Shai, I, et al. (2008): Weight Loss with a Low-Carbohydrate, Mediterranean, or Low-Fat Diet, N Engl J Med 2008; 359:229-241July 17, 2008DOI: 10.1056/NEJMoa0708681
“The mean weight loss was 2.9 kg for the low-fat group, 4.4 kg for the Mediterranean-diet group, and 4.7 kg for the low-carbohydrate group (P<0.001 for the interaction between diet group and time); among the 272 participants who completed the intervention, the mean weight losses were 3.3 kg, 4.6 kg, and 5.5 kg, respectively”

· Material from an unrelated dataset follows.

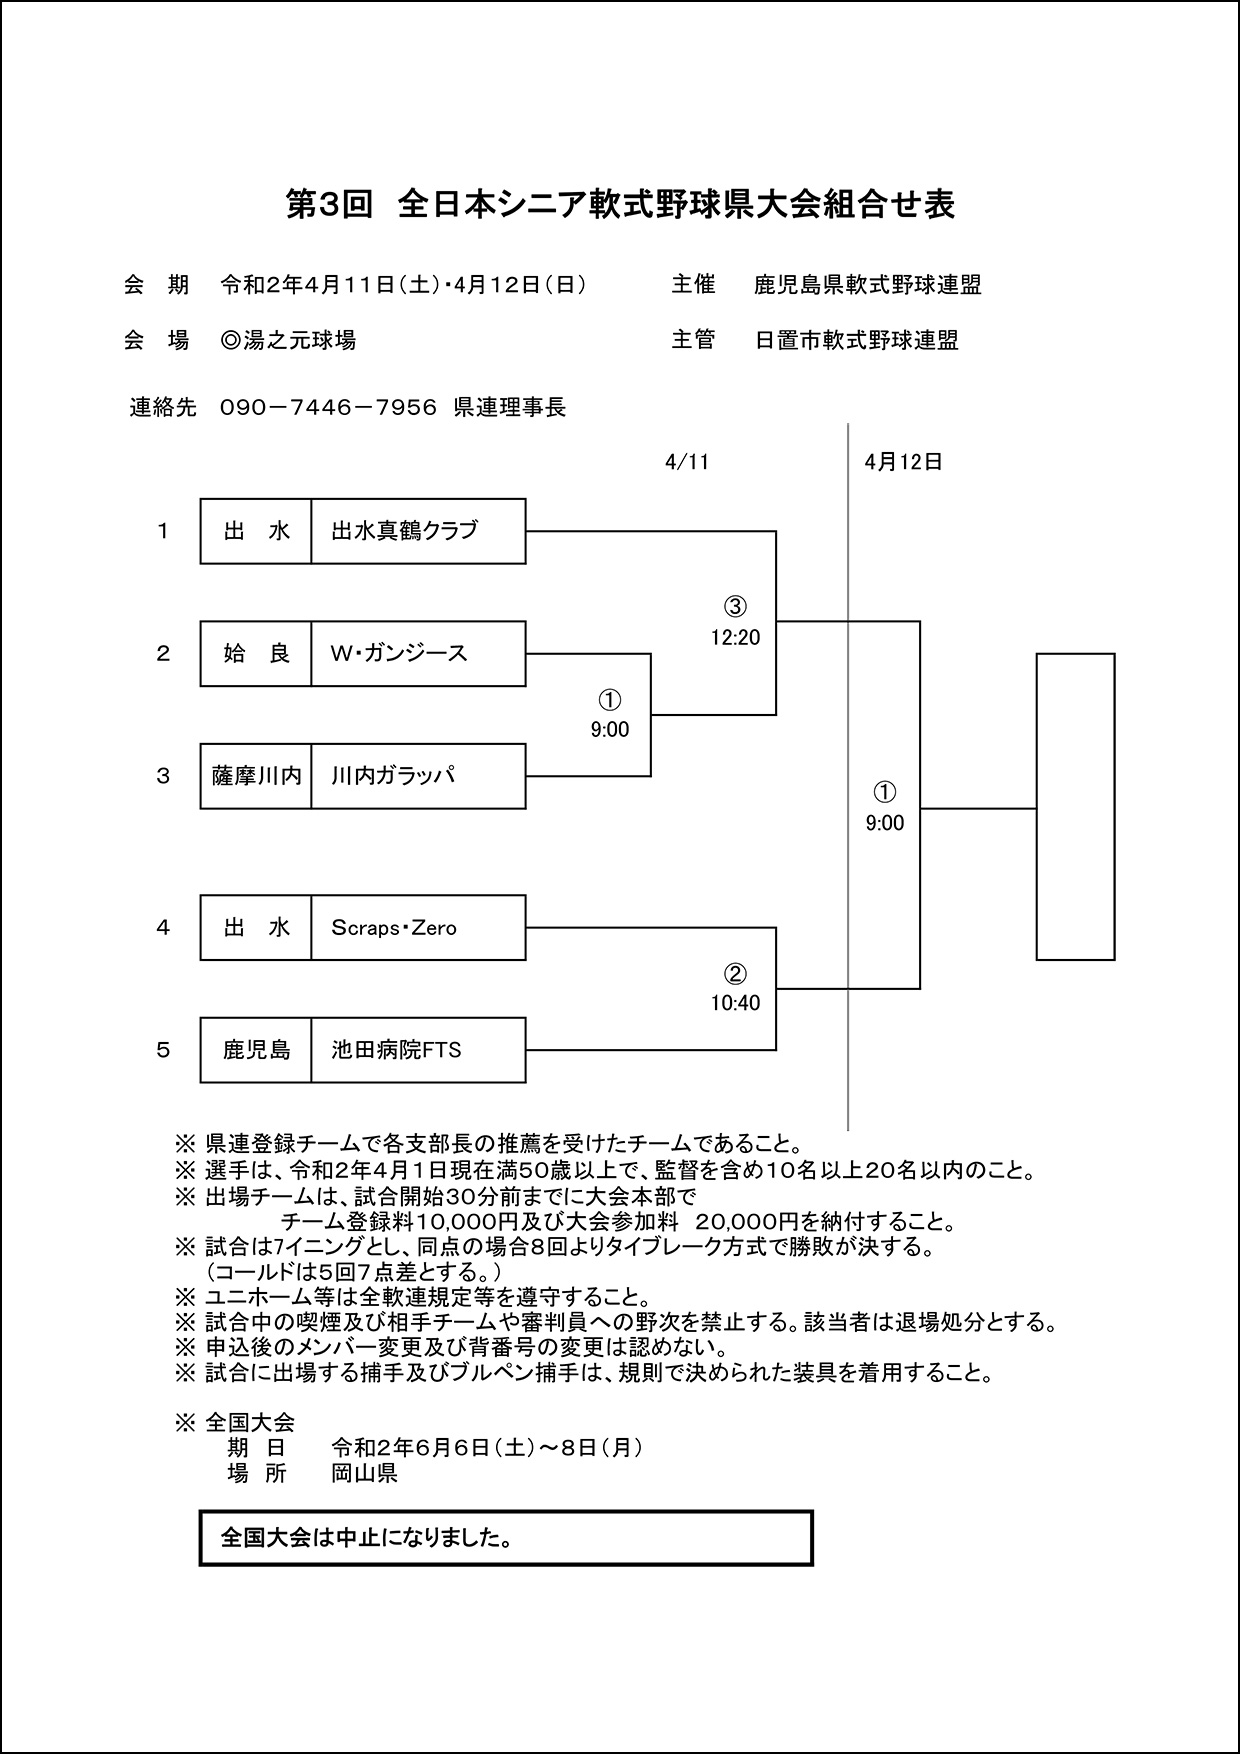 【組合せ】第3回全日本シニア軟式野球県大会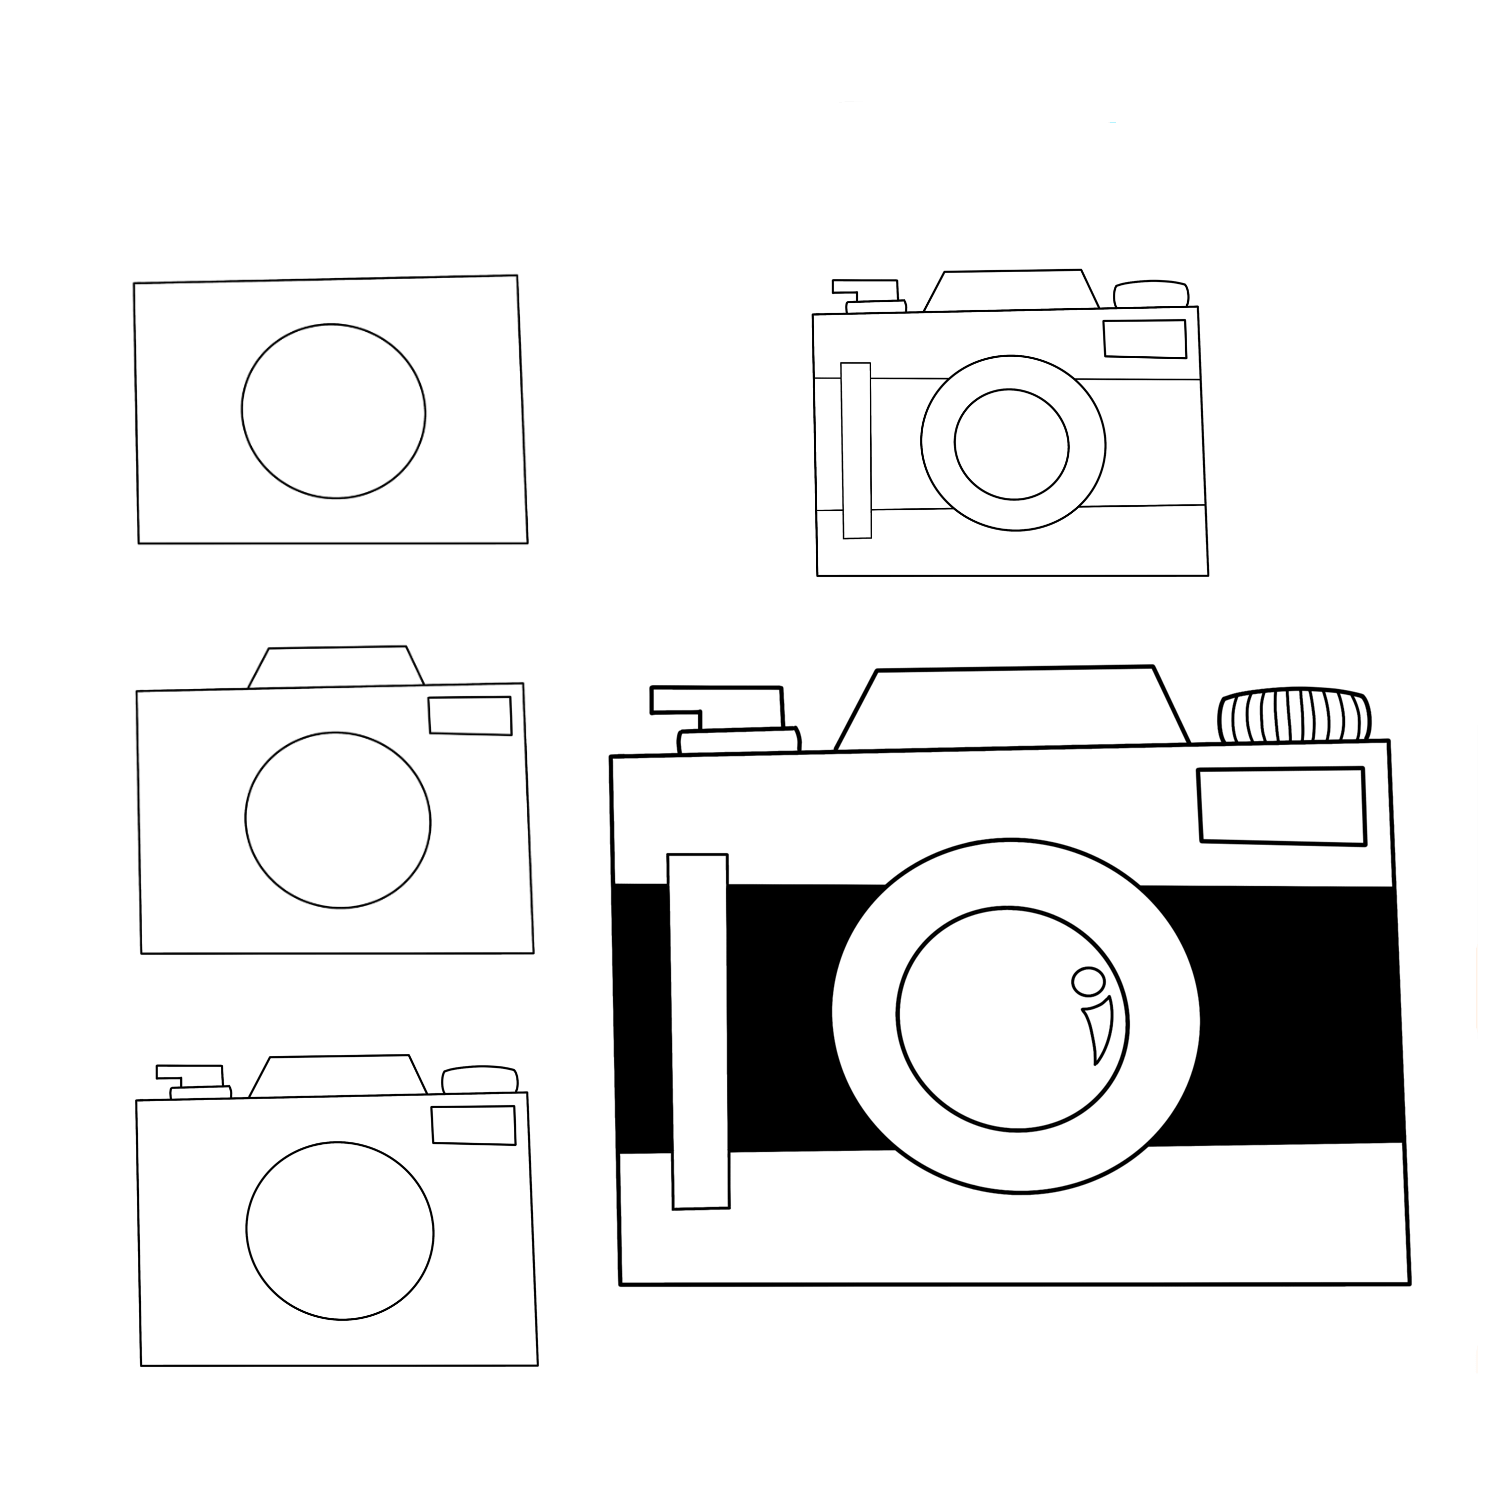 Yksinkertaisen kameran piirtäminen (3) piirustus

Siri-Tarino, PW, et al (2010): Meta-analysis of prospective cohort studies evaluating the association of saturated fat with cardiovascular disease, doi: 10.3945/ajcn.2009.27725 Am J Clin Nutr March 2010 vol. 91 no. 3 535-546
Twenty-one studies identified by searching MEDLINE and EMBASE databases and secondary referencing qualified for inclusion in this study. A random-effects model was used to derive composite relative risk estimates for CHD, stroke, and CVD.
Results: During 5–23 y of follow-up of 347,747 subjects, 11,006 developed CHD or stroke. Intake of saturated fat was not associated with an increased risk of CHD, stroke, or CVD.